Мне же, напротив, хотелось провести этот день с тетушкой, ставшей первым орудием Божьим в отношении меня, но я подчинилась воле своего наставника и учителя, который, как вскоре выяснилось, был совершенно прав: он оградил мои первые часы слияния с любовью Спасителя от мученичества, предстоявшего, впрочем, не мне, бедняжке, как я полагала, а Ему, Который подарил мне Себя…
Я не стану раскрывать тайн, связавших мою душу с Богом, но, подобно тому как сама Благодать нисходит заключенной в оболочку таинства, я заключу все произошедшее со мной в оболочку молчания – глубочайший язык любви, сокровеннейший язык блаженства и благодарности…
Жаннет в этот день приехала из Витербо, а приветливые монашки до самого вечера радовались вместе со мной и окружали меня лаской. Потом я сняла и оставила у них свое белое платье и покрывало. Я оставила и свою свечу с просьбой зажечь ее ночью на алтаре, во время Вечной молитвы . После этого я поехала домой, к той, для кого она горела. Вот тогда и произошла та ужасная сцена, убедившая меня в прозорливости отца Анжело. Тетушка Эдель, как мне сообщила Джульетта, весь день была очень неспокойна, однако причиной тому не могло быть мое отсутствие, так как Жаннет сама попросила тетушку отпустить меня в город, и та согласилась: в то время она еще вела себя с Жаннет сдержанно и любезно. Но когда я вошла к ней в комнату (о, я думаю, счастье было написано у меня на лице!), она так испугалась, что закрыла лицо руками. Я, совершенно потрясенная, вышла и отправилась к себе. Через некоторое время она последовала за мной и принялась осыпать меня упреками, причин которых я отчасти вообще не понимала; временами мне казалось, будто она просто выдумывает их на ходу. Моя радость была так велика, что я не находила в себе силы отвечать на них, однако это была не моя заслуга, а Милость Того, Кто подарил мне Себя в Своей любви. Но именно мое молчание и пробудило в ней настоящий гнев. Я думаю, что, если бы я ответила ей резко, она бы успокоилась, поняв, что Того, Чья близость для нее была невыносима, рядом нет. В конце она совершенно неожиданно сказала, что ей хорошо известен источник бабушкиной печали в ее последние дни и что боль, которую я причинила умирающей, и стала причиной того, что она отослала меня прочь в свои последние минуты. Слова эти были так ужасны, что я заплакала. Увидев мои слезы, она сразу же успокоилась и оставила меня одну.

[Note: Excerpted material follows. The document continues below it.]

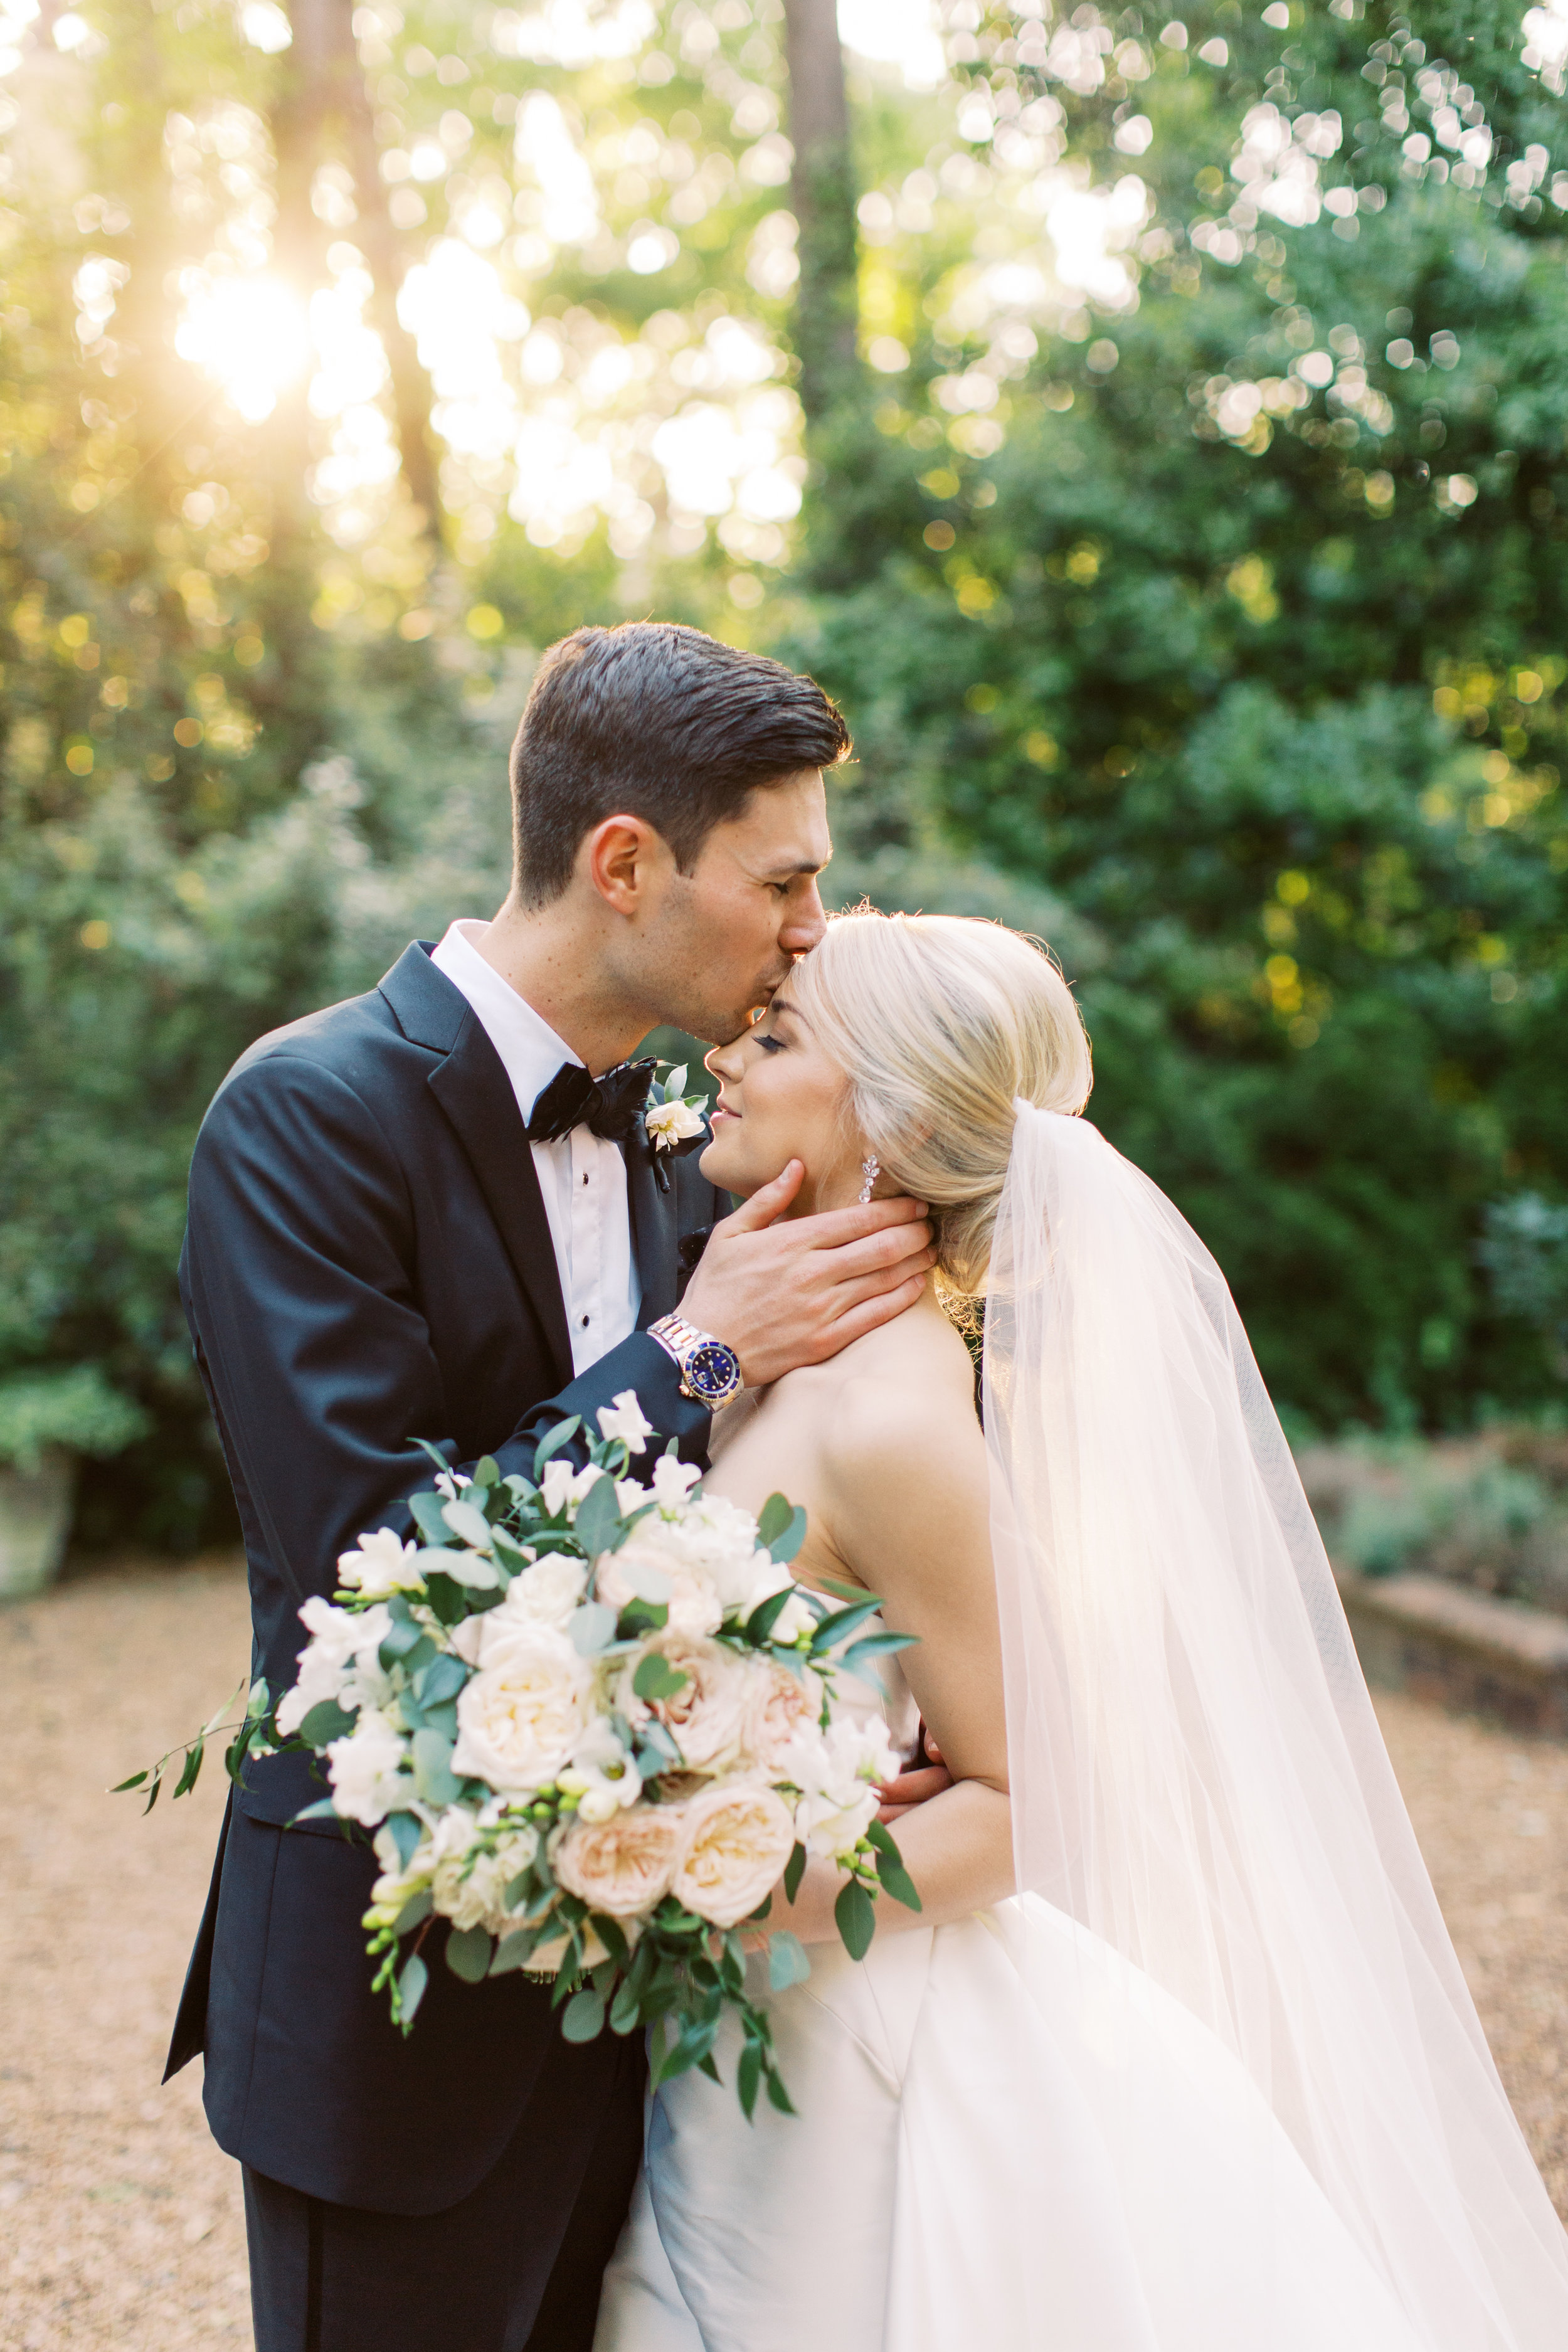 Marie_Perry_Duke_Mansion_Wedding_Charlotte_NC_Abigail_Malone_Photography-475.jpg
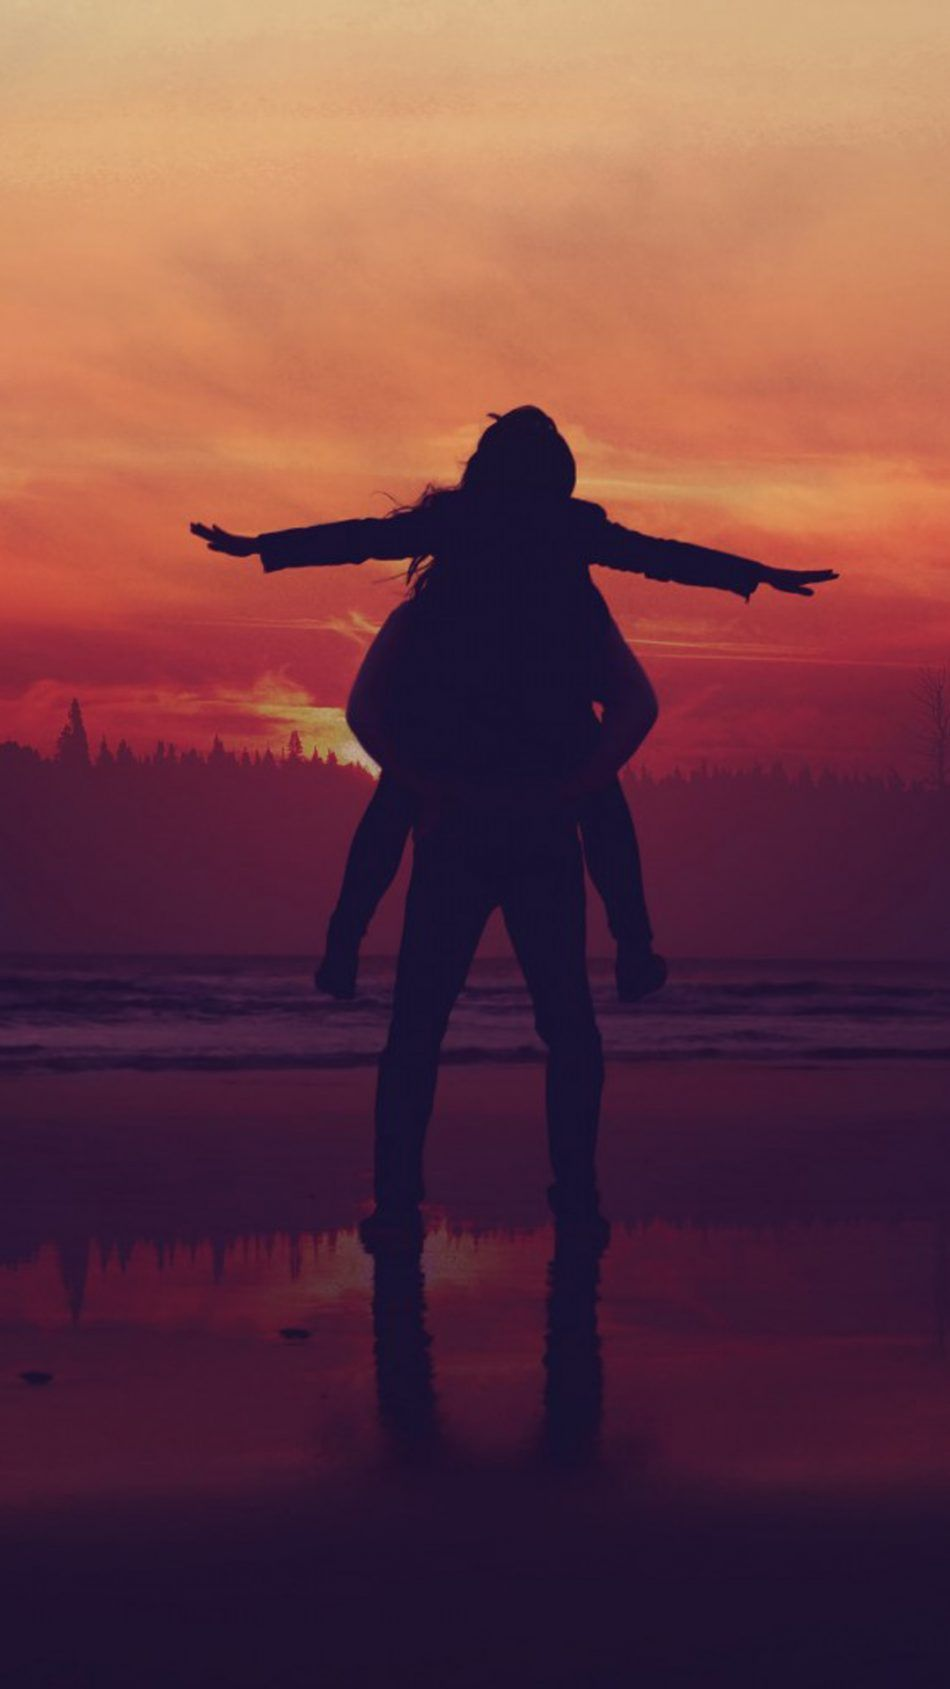 Couple Sunset Happy Moments Fondos De Pantalla Amor Siluetas Fondos De Pantalla Atardecer

Не успела она выйти из комнаты, как слезы начали жечь меня, словно капли огня. Мне было нестерпимо больно, потому что она сумела огорчить меня в этот самый священный и радостный день моей жизни. И вдруг я почувствовала мягкое, сладостное утешение. Я словно услышала тихий голос во мне самой, говоривший: «Ты плачешь вместо Меня». Совершенно новое, удивительное счастье охватило меня мгновенным ознобом: во мне родилось ощущение, будто я приняла своим сердцем удар, предназначавшийся Божественной любви, будто я была огорчена вместо нее и за нее…
С того дня состояние тетушки стало ухудшаться. Доктор-психиатр, мнением которого она так дорожила, совершенно внезапно утратил свою власть над ней; похоже, она вдруг стала испытывать к нему отвращение, так что вскоре уже совсем не желала его видеть. Она даже отдала распоряжение не принимать его, если он придет. При этом самочувствие ее ничуть не улучшилось, а скорее еще заметнее ухудшилось. Теперь создалось впечатление, что она и в самом деле больна. Она осунулась, лицо ее стало маленьким, заостренным и бледным, она никогда еще не выглядела так дурно. Казалось, из голой видимости и призрачности ее существования внезапно прорвалась потрясающая действительность. Все в ней, что прежде было под сомнением, теперь стало совершенно отчетливым и ясным: ее болезнь, ее неприязнь ко мне, ее неприязнь к Церкви, ее ненависть к Святым Дарам. Все это ложное спокойствие и довольство, эта разумность и гладкость разверзлись, как могила, и вернули все, что там когда-то было захоронено, но только уже в устрашающе искаженном виде. Теперь стало ясно, как много она потеряла за это время и как одичала ее душа в этом склепе внешней гармонии. Изящная, любезная и очень сдержанная дама в глазах всех окружающих, она в действительности потеряла даже свое самообладание, эту самую характерную и последнюю часть своей замкнутой натуры. Она превратилась вдруг в больного, раздраженного и озлобленного человека.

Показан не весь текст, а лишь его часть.